Na sexta-feira, sua mulher, Graça Machel, disse que Mandela estava bem e se mostrava cada vez melhor da pneumonia que levou à sua internação em 27 de março. "Madiba - como ele é conhecido na África do Sul - está bem, cada vez melhor. Está no hospital simplesmente porque os médicos querem assegurar-se de que está suficientemente forte para voltar para casa e que não terá uma recaída", explicou.
Saúde - A infecção pulmonar que o ex-presidente enfrenta é reincidente e manifestou-se pela primeira vez em 2001. Em 8 de dezembro do ano passado, após passar por uma cirurgia para remoção de cálculos biliares, Mandela passou três semanas no hospital para tratar da infecção nos pulmões e recebeu alta em 26 de dezembro - foi o período mais longo passado pelo líder em um hospital em mais de 20 anos.
Ao sair do hospital, seus parentes preferiram instalá-lo em sua casa de Johannesburgo, a 60 quilômetros de Pretoria e perto dos centros médicos mais modernos do país. Em fevereiro, ele voltou a ser internado num hospital devido a dores abdominais, mas foi liberado no dia seguinte. Essa é a terceira internação de Mandela nos últimos quatro meses.


Biografia - Primeiro presidente negro da África do Sul, Nelson Mandela lutou durante 67 anos contra o regime de segregação racial do apartheid, imposto pela minoria branca sul-africana até sua eleição em 1994, dedicação que lhe valeu, em 1993, o Prêmio Nobel da Paz.
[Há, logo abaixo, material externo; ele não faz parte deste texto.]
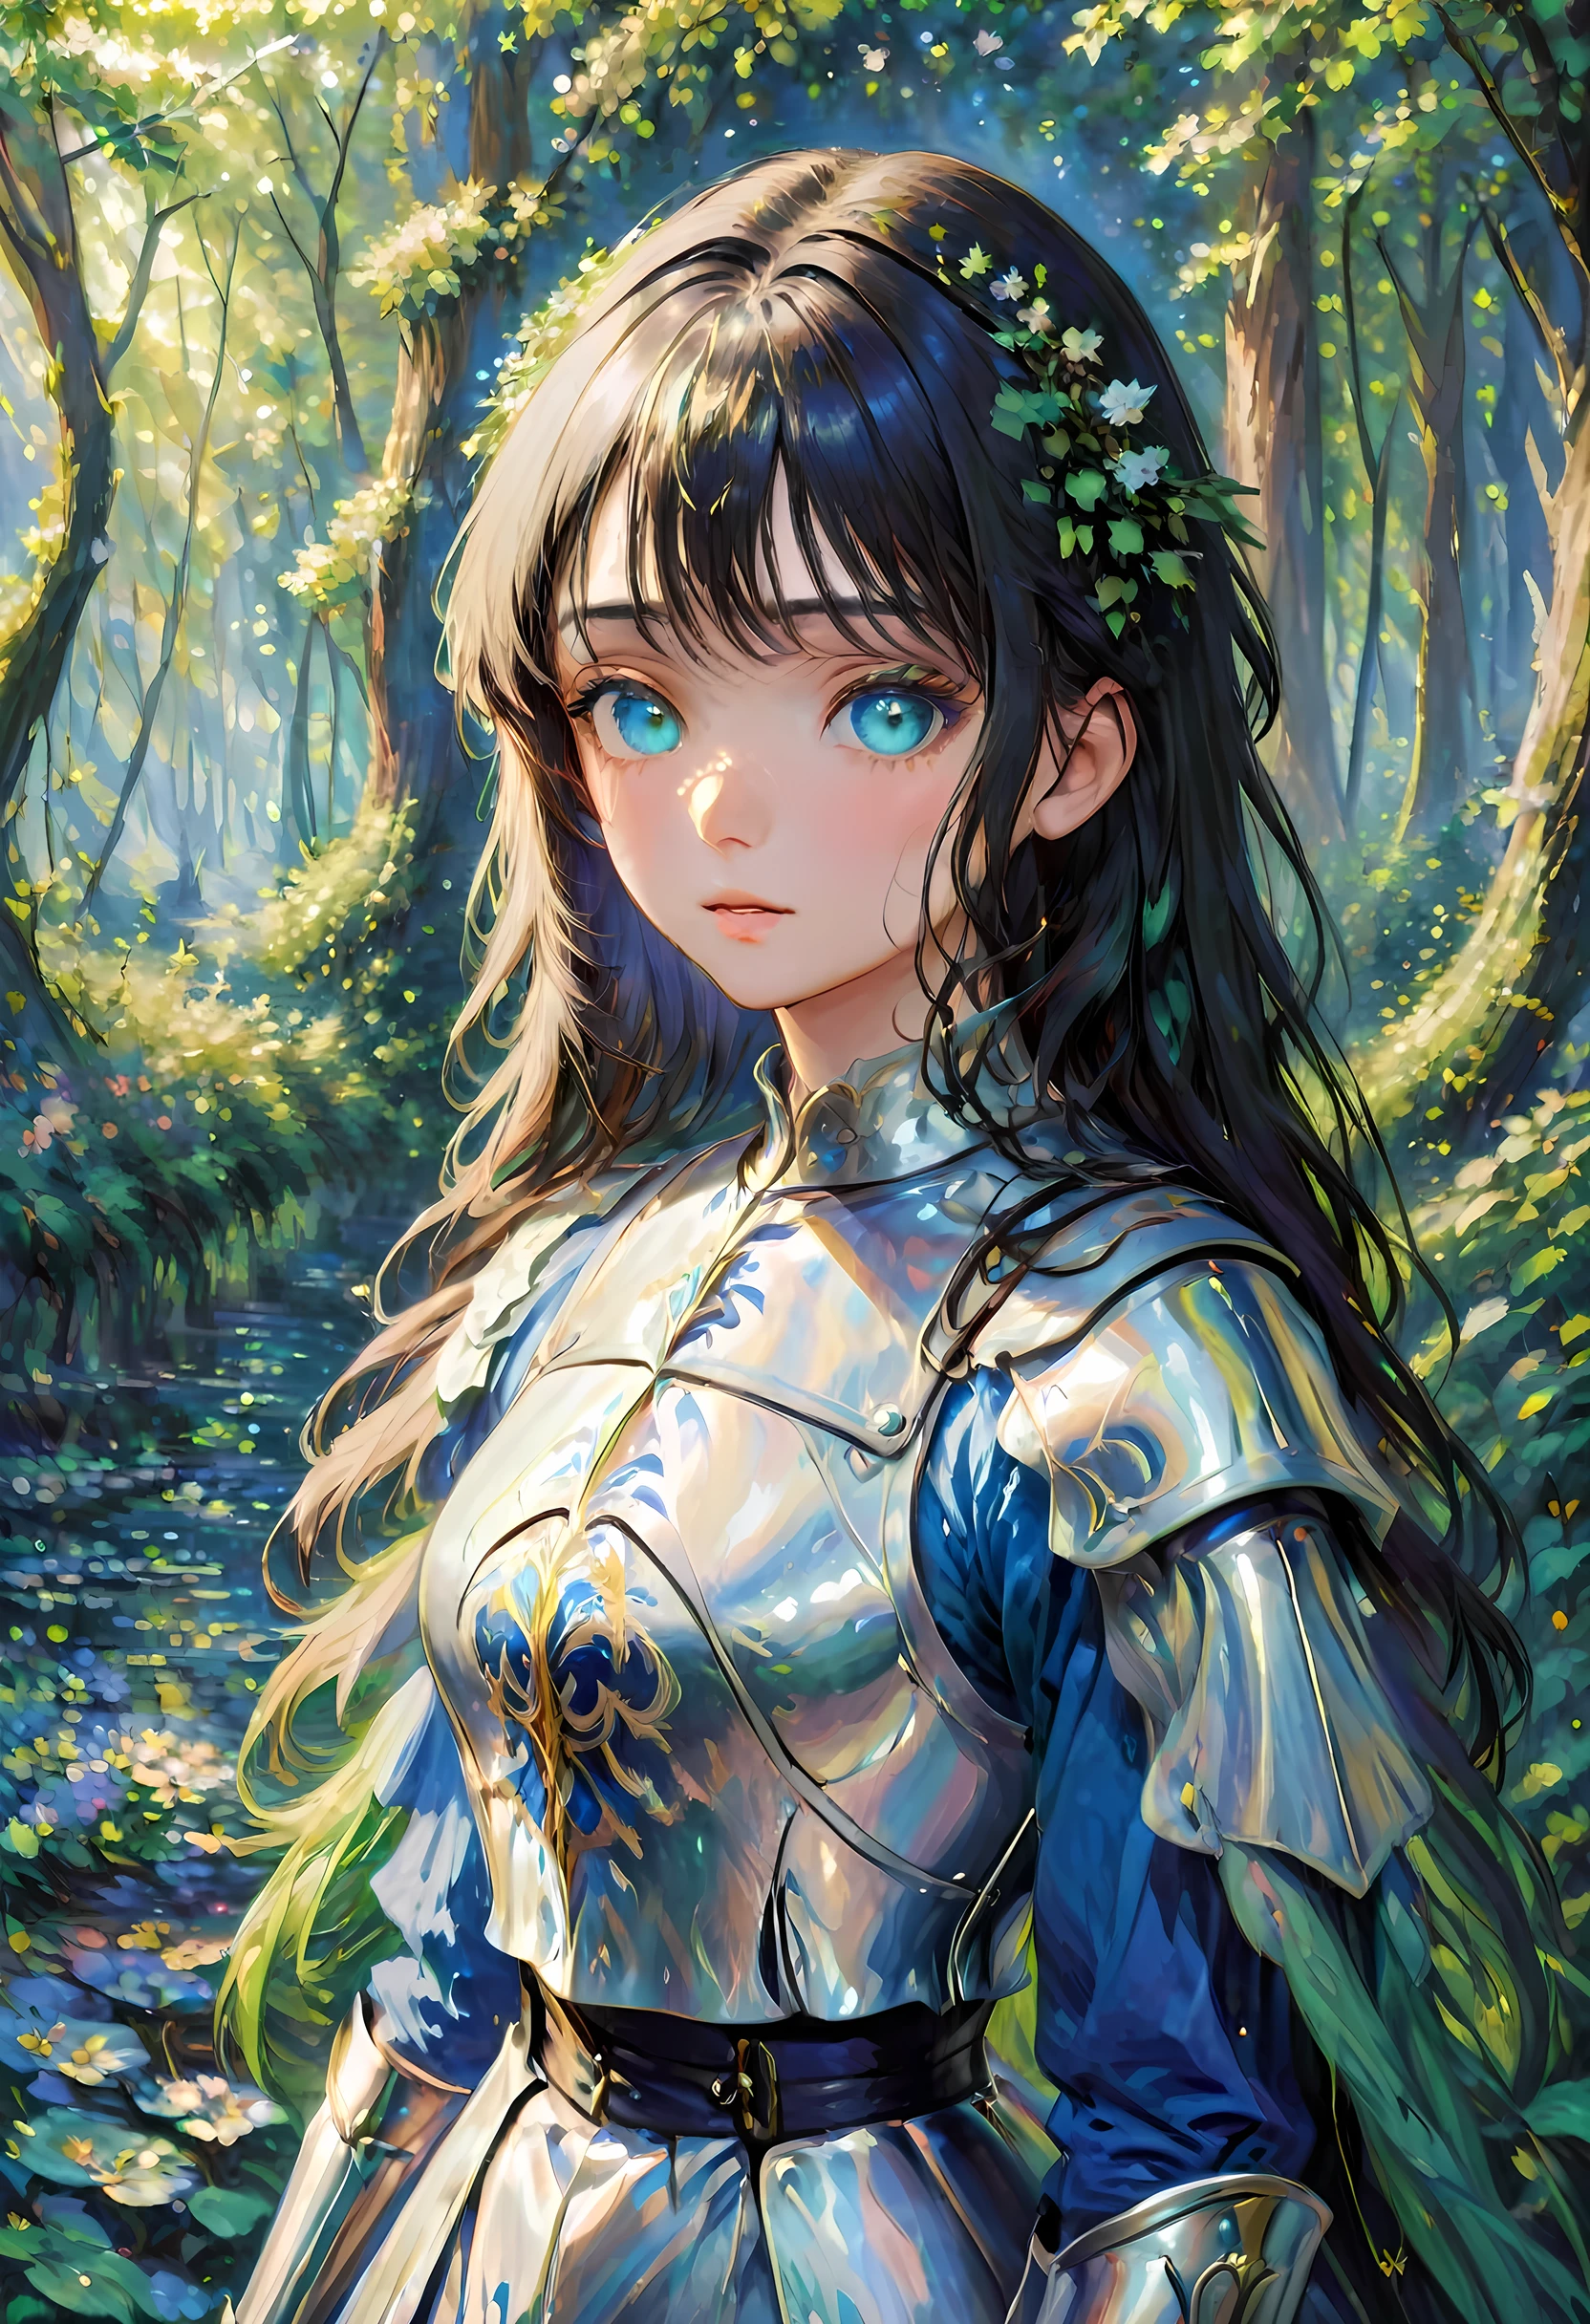 (Claude Monet Style:1.5) Claude_Monet style painting, a picture of woman paladin of nature protecting the forest, a woman knight, black hair, long hair, full body (best details, Masterpiece, best quality :1.5), ultra detailed face (best details, Masterpiece, best quality :1.5), ultra feminine (best details, Masterpiece, best quality :1.5), black hair, long hair, braided hair, pale skin, (deep blue: 1.2) eyes, intense eyes, wearying heavy armor, white armor (best details, Masterpiece, best quality :1.5), green cloak, armed with a sword, glowing sword GlowingRunes_green, fantasy forest background, D&D art, RPG art, magical atmosphere magic-fantasy-forest, ultra best realistic, best details, best quality, 16k, [ultra detailed], masterpiece, best quality, (extremely detailed), ultra wide shot, photorealism, depth of field, hyper realistic painting, cybrk, RagingNebula

Após o fim do mandato, concentrou suas energias em ações junto a organizações sociais e de direitos humanos, promovendo campanhas como a de combate à aids.
Em 2003, aos 85 anos, anunciou sua aposentadoria da vida pública, alegando problemas de saúde. Sua última aparição pública aconteceu na cerimônia de encerramento da Copa do Mundo de futebol, de 2010, na África da Sul. No dia 10 de fevereiro deste ano, recebeu a visita do presidente Zuma, que disse tê-lo visto "em bom estado e relaxado", vendo televisão. Mas alguns dias depois, seu amigo George Bizos, um advogado conhecido no país, o visitou e mostrou-se menos entusiasmado.